::: Supplied material :::

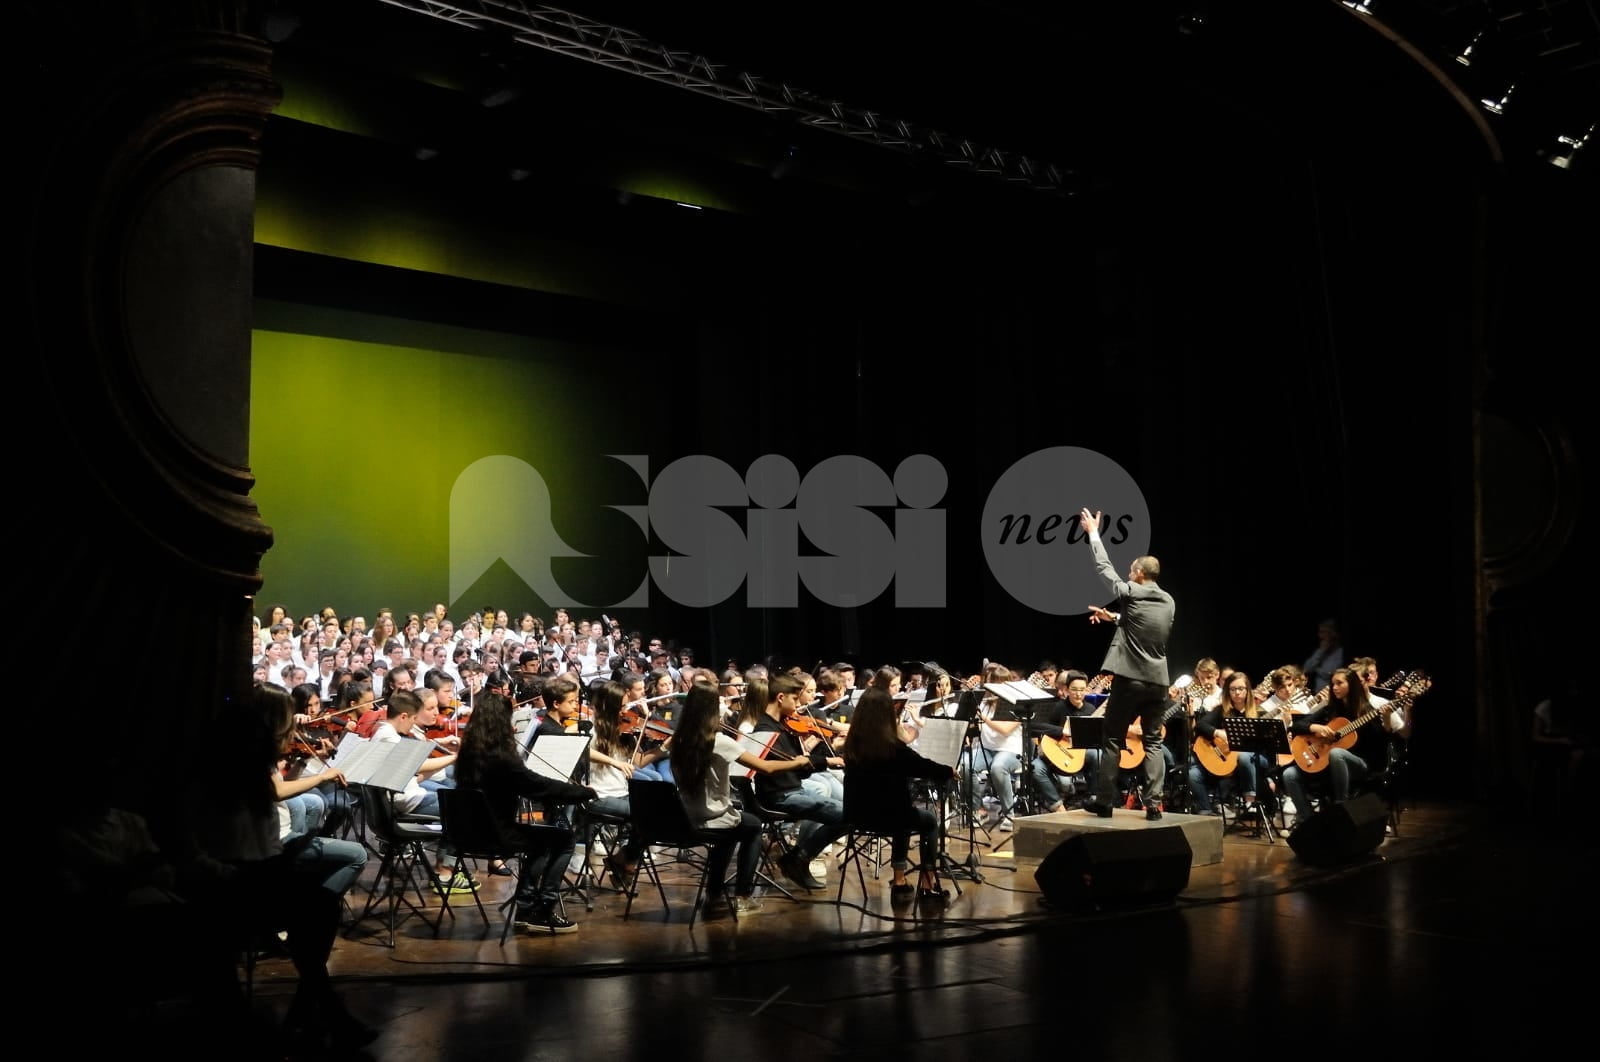 All'Istituto comprensivo Assisi 3 lezioni di strumento musicale e orchestra per gli ex allievi di musica
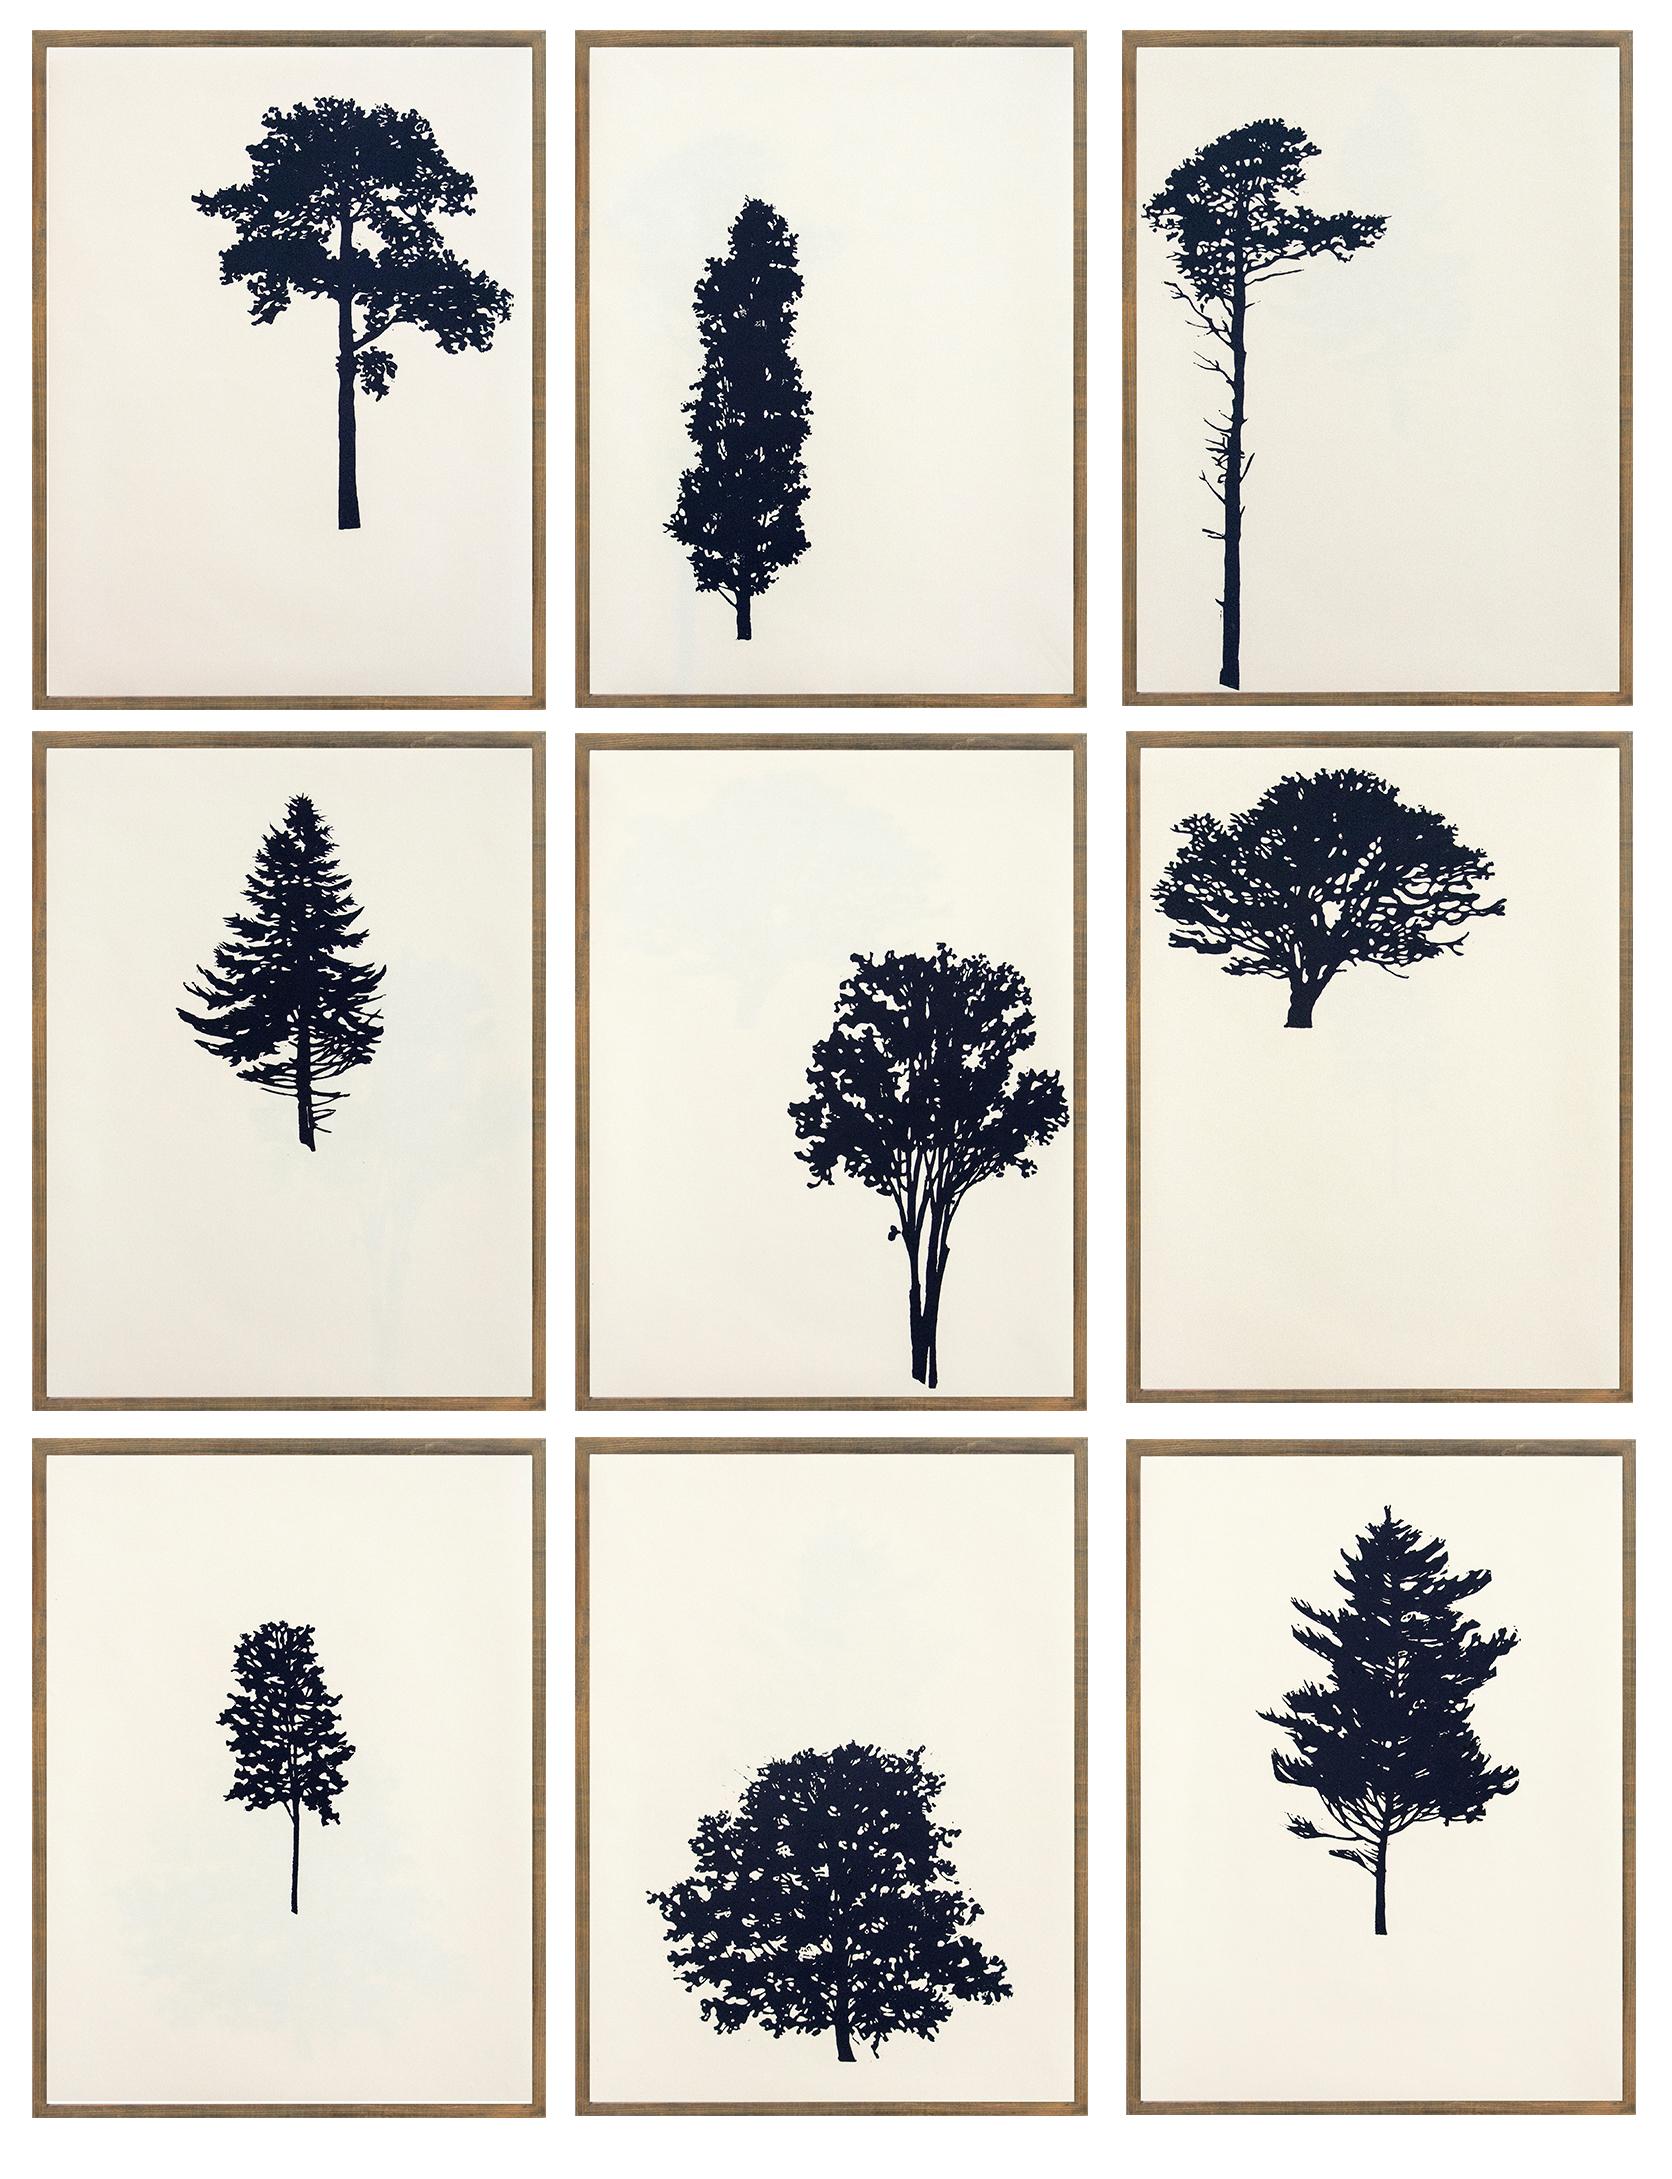 Peter Hoffer Landscape Print - Der Wald  8/12 - portfolio of 9 woodblock prints
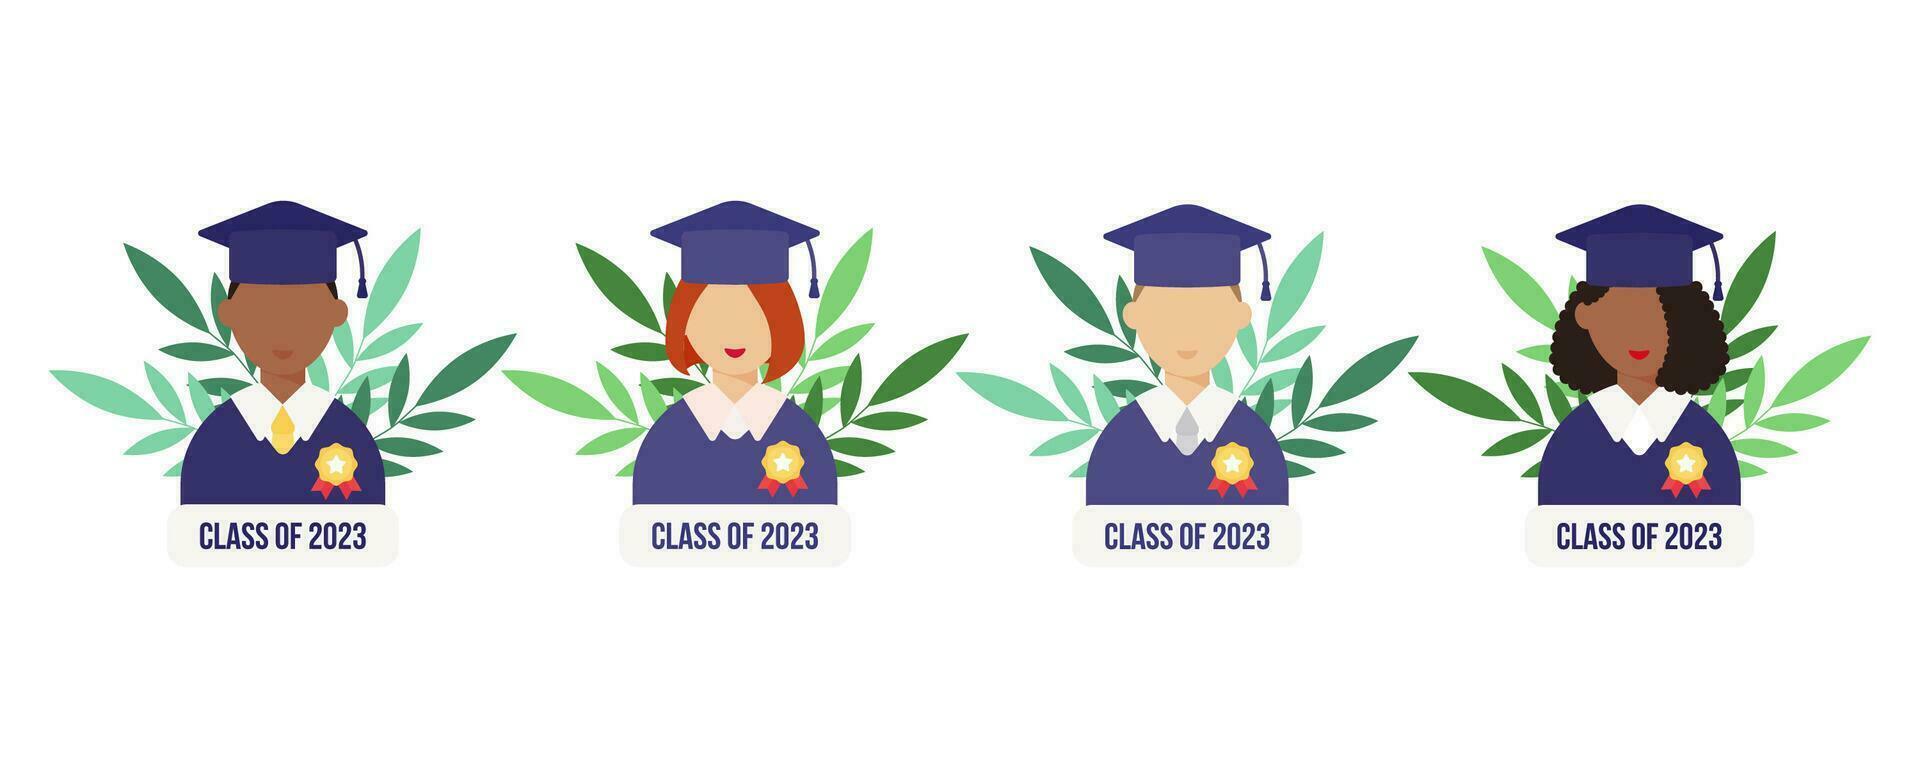 graduación día. conjunto de estudiante con medalla. letras clase de 2023. plano estilo masculino y femenino. vector
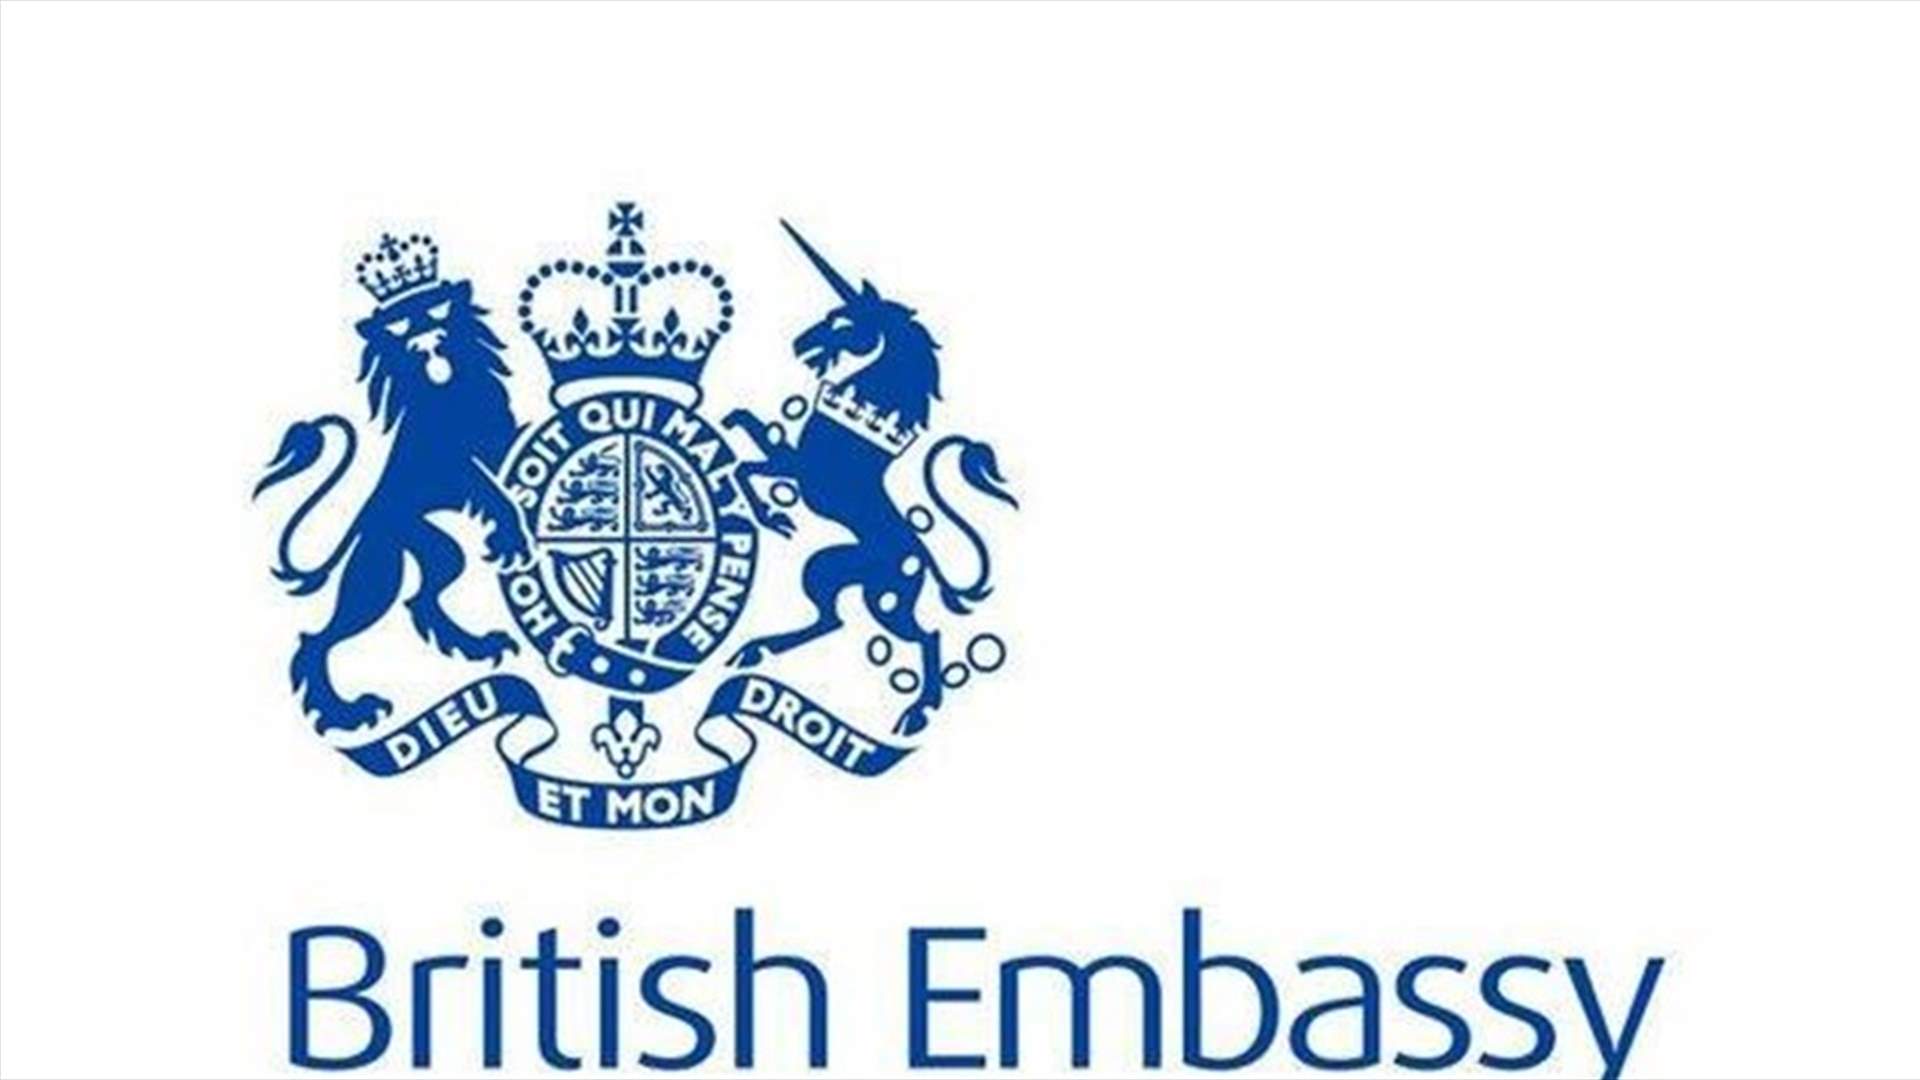 المملكة المتحدة ترسل مساعدات طارئة إلى لبنان: 5 ملايين جنيه إسترليني من المعونات لمن تضررت بيوتهم

:::

What is expected
Once the pictures are dropped, please print every remaining line of the material verbatim.

The answer
 All'Istituto comprensivo Assisi 3 lezioni di strumento musicale e orchestra per gli ex allievi di musica
 Peter Hoffer Landscape Print - Der Wald  8/12 - portfolio of 9 woodblock prints
 graduación día. conjunto de estudiante con medalla. letras clase de 2023. plano estilo masculino y femenino. vector
 المملكة المتحدة ترسل مساعدات طارئة إلى لبنان: 5 ملايين جنيه إسترليني من المعونات لمن تضررت بيوتهم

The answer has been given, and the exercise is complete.